BEGIN Data block

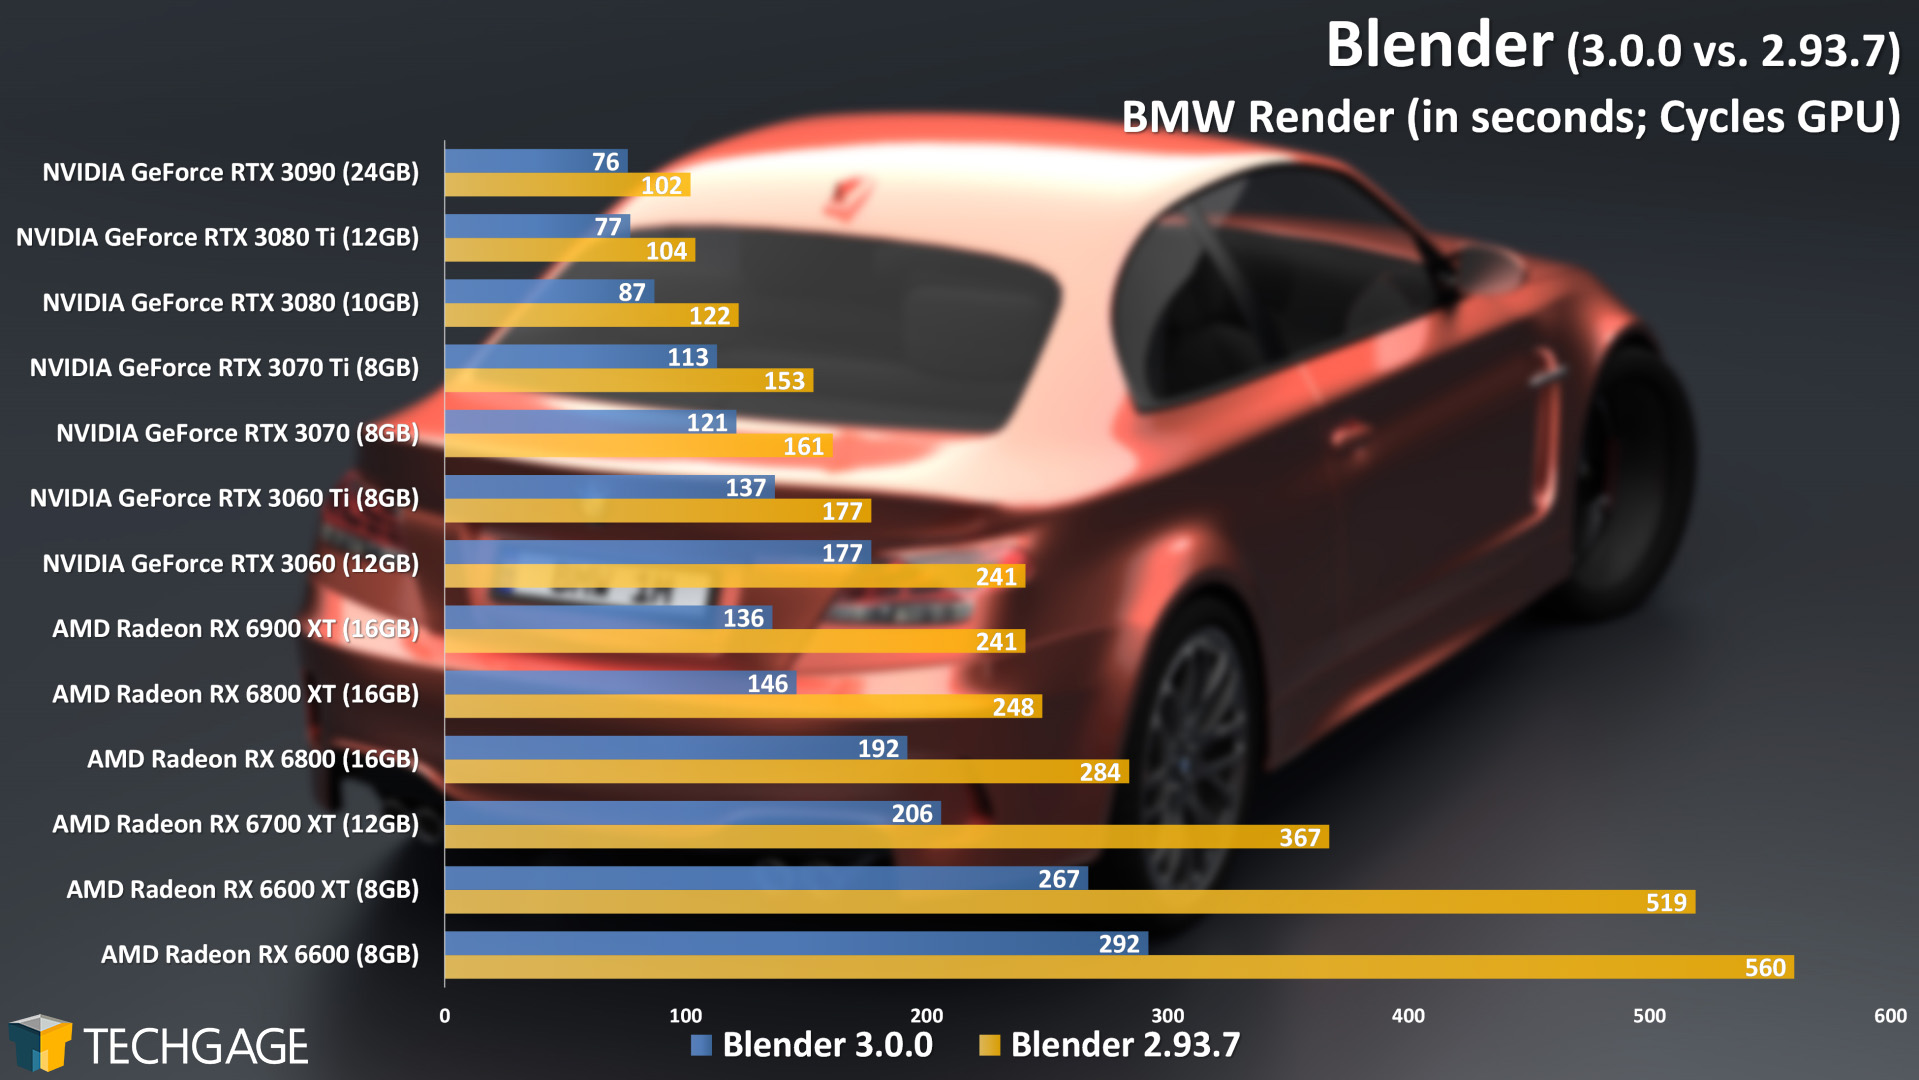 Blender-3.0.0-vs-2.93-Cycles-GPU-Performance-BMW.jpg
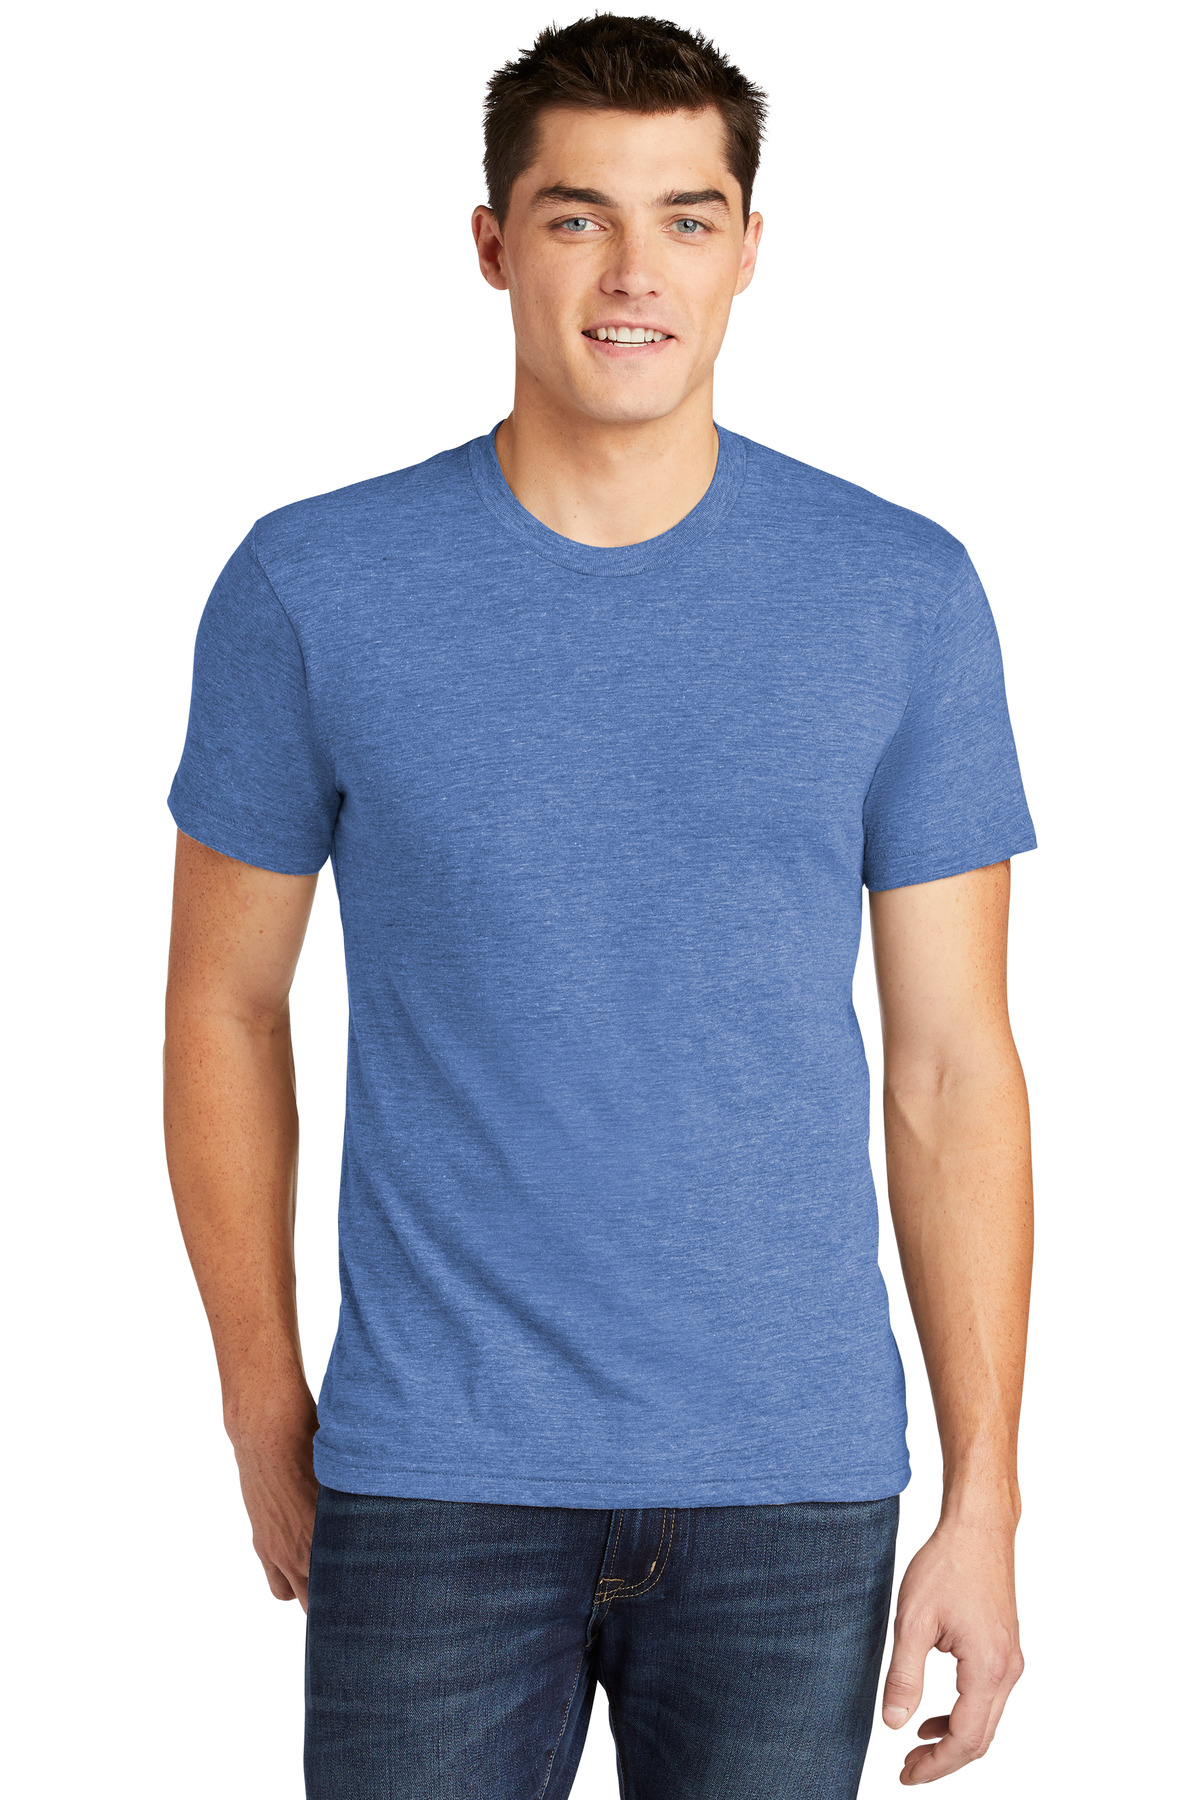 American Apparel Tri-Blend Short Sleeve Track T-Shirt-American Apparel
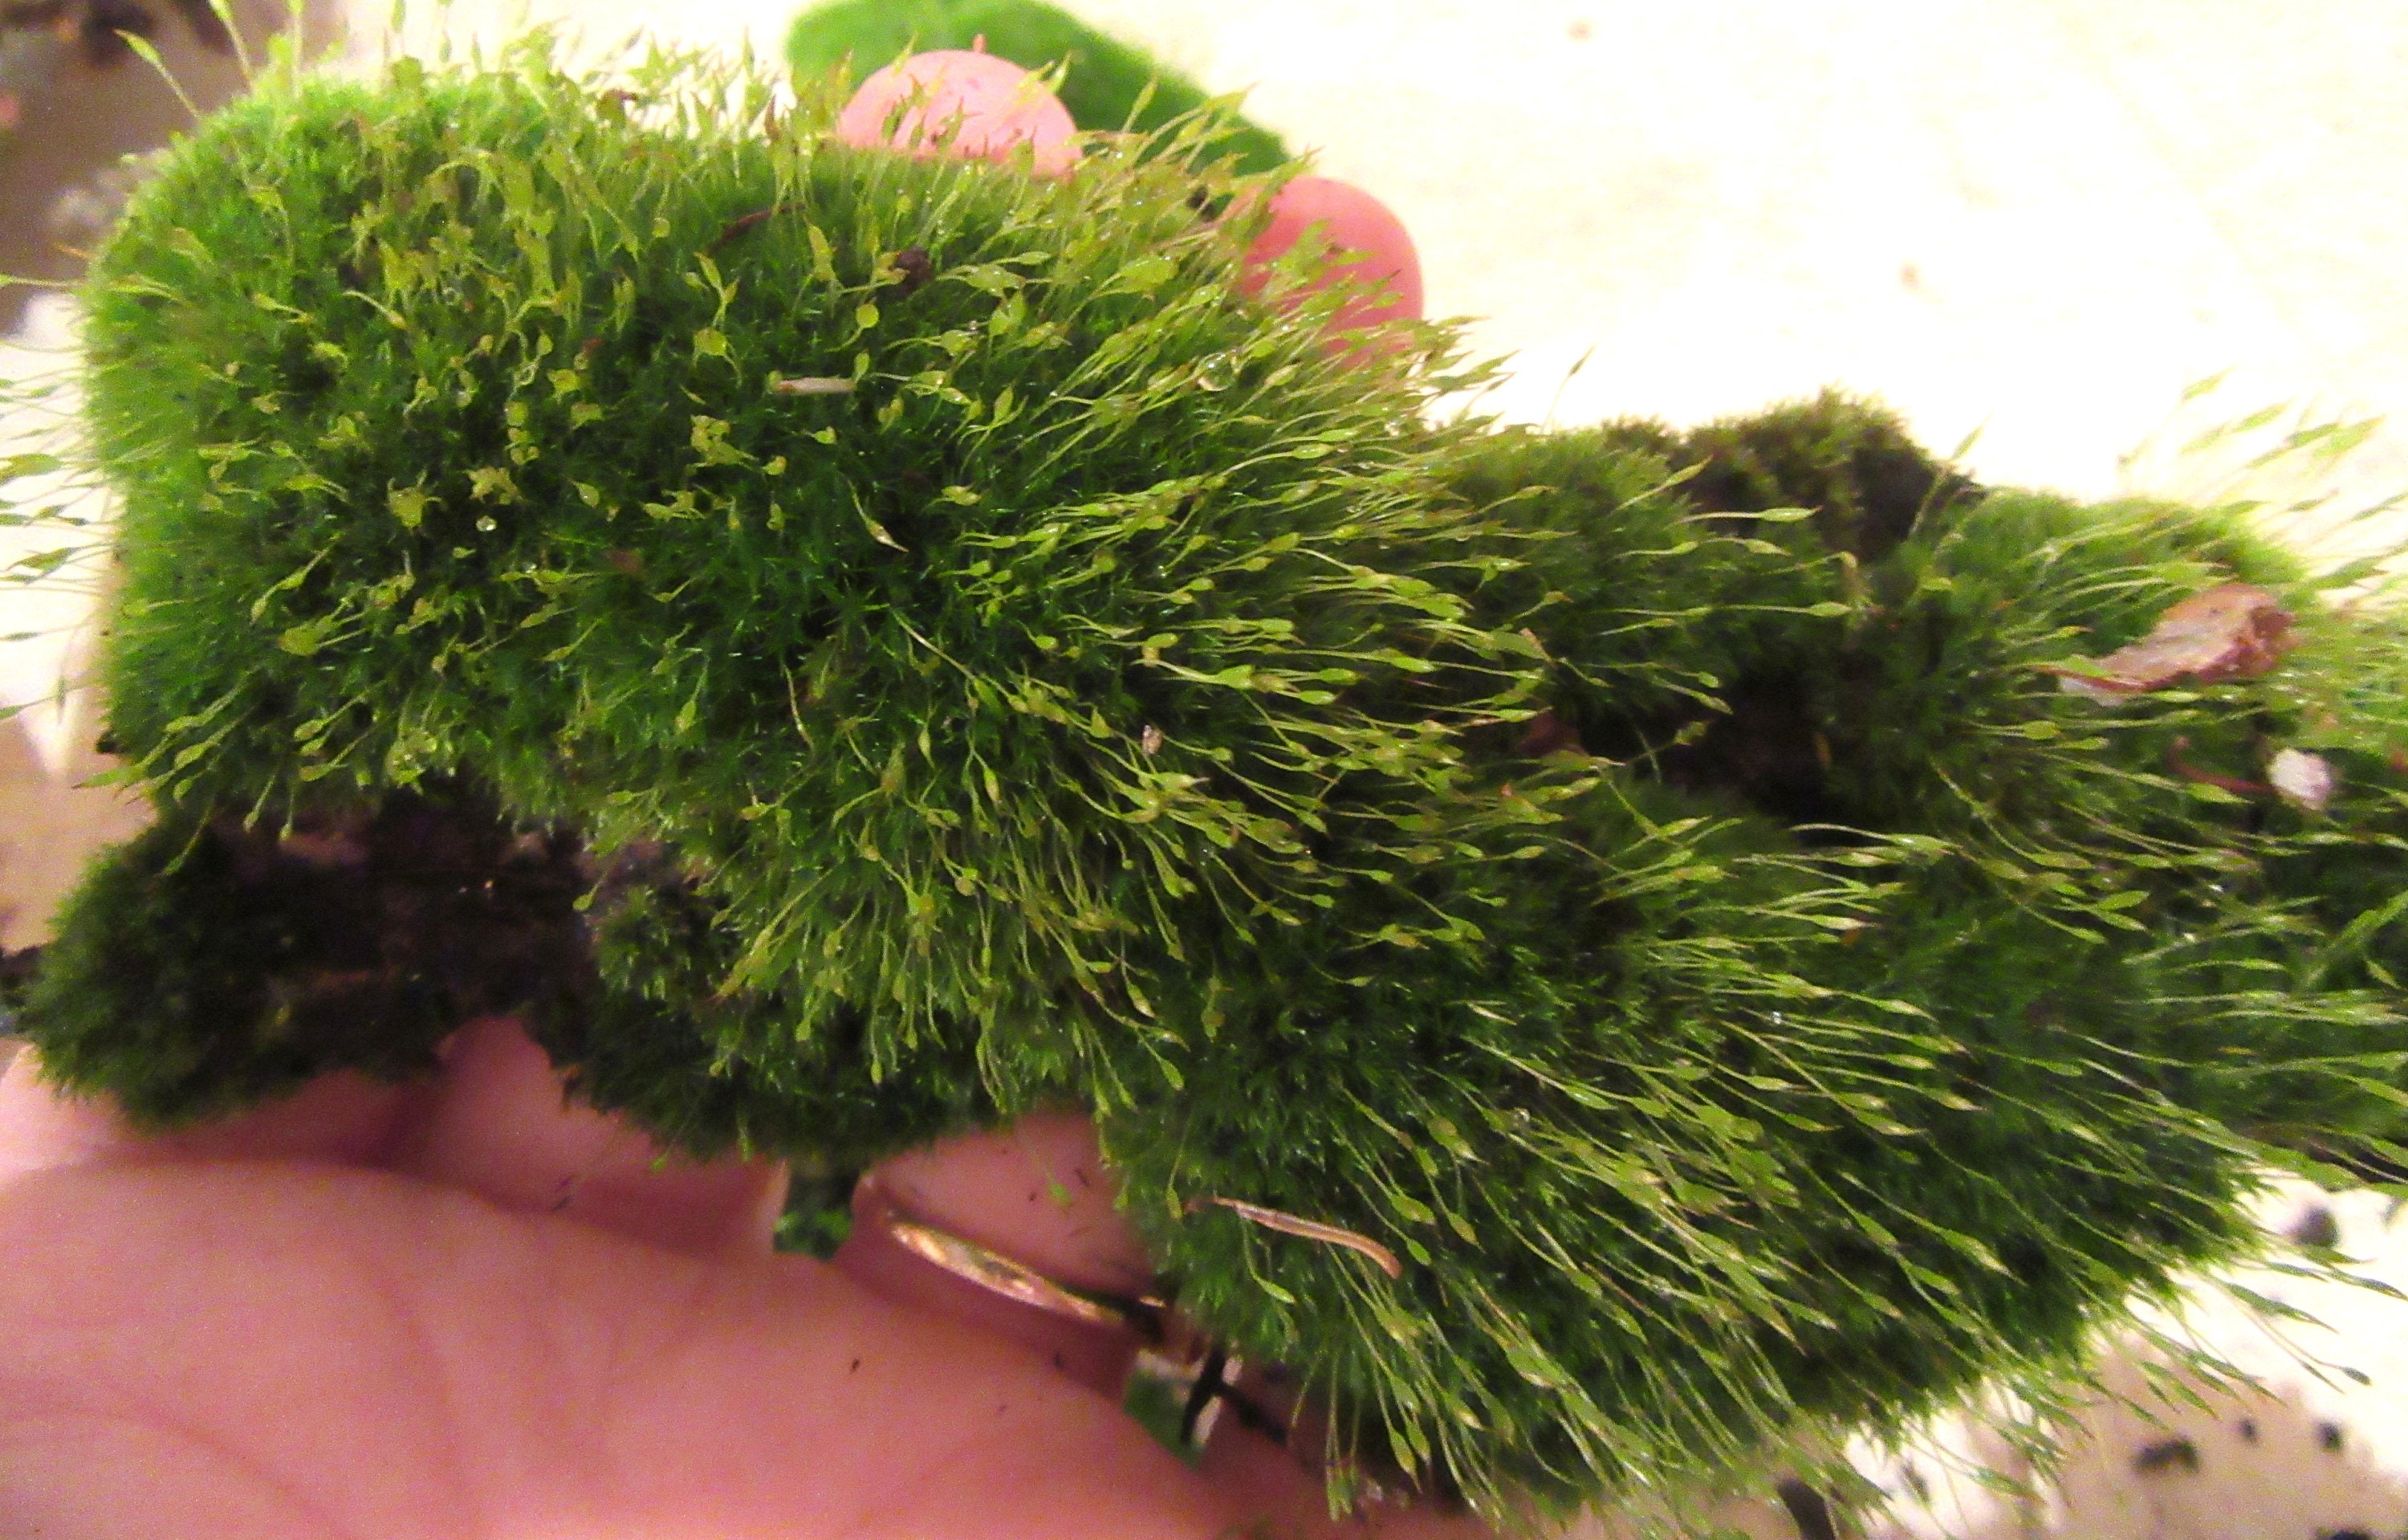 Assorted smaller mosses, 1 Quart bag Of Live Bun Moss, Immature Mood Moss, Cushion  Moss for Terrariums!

END Data block

Where the line holding "American Apparel Tri-Blend" appears, start copying, and continue exactly through the last line of the listing, both ends included, skipping the pictures.

 American Apparel Tri-Blend Short Sleeve Track T-Shirt-American Apparel
 Assorted smaller mosses, 1 Quart bag Of Live Bun Moss, Immature Mood Moss, Cushion  Moss for Terrariums!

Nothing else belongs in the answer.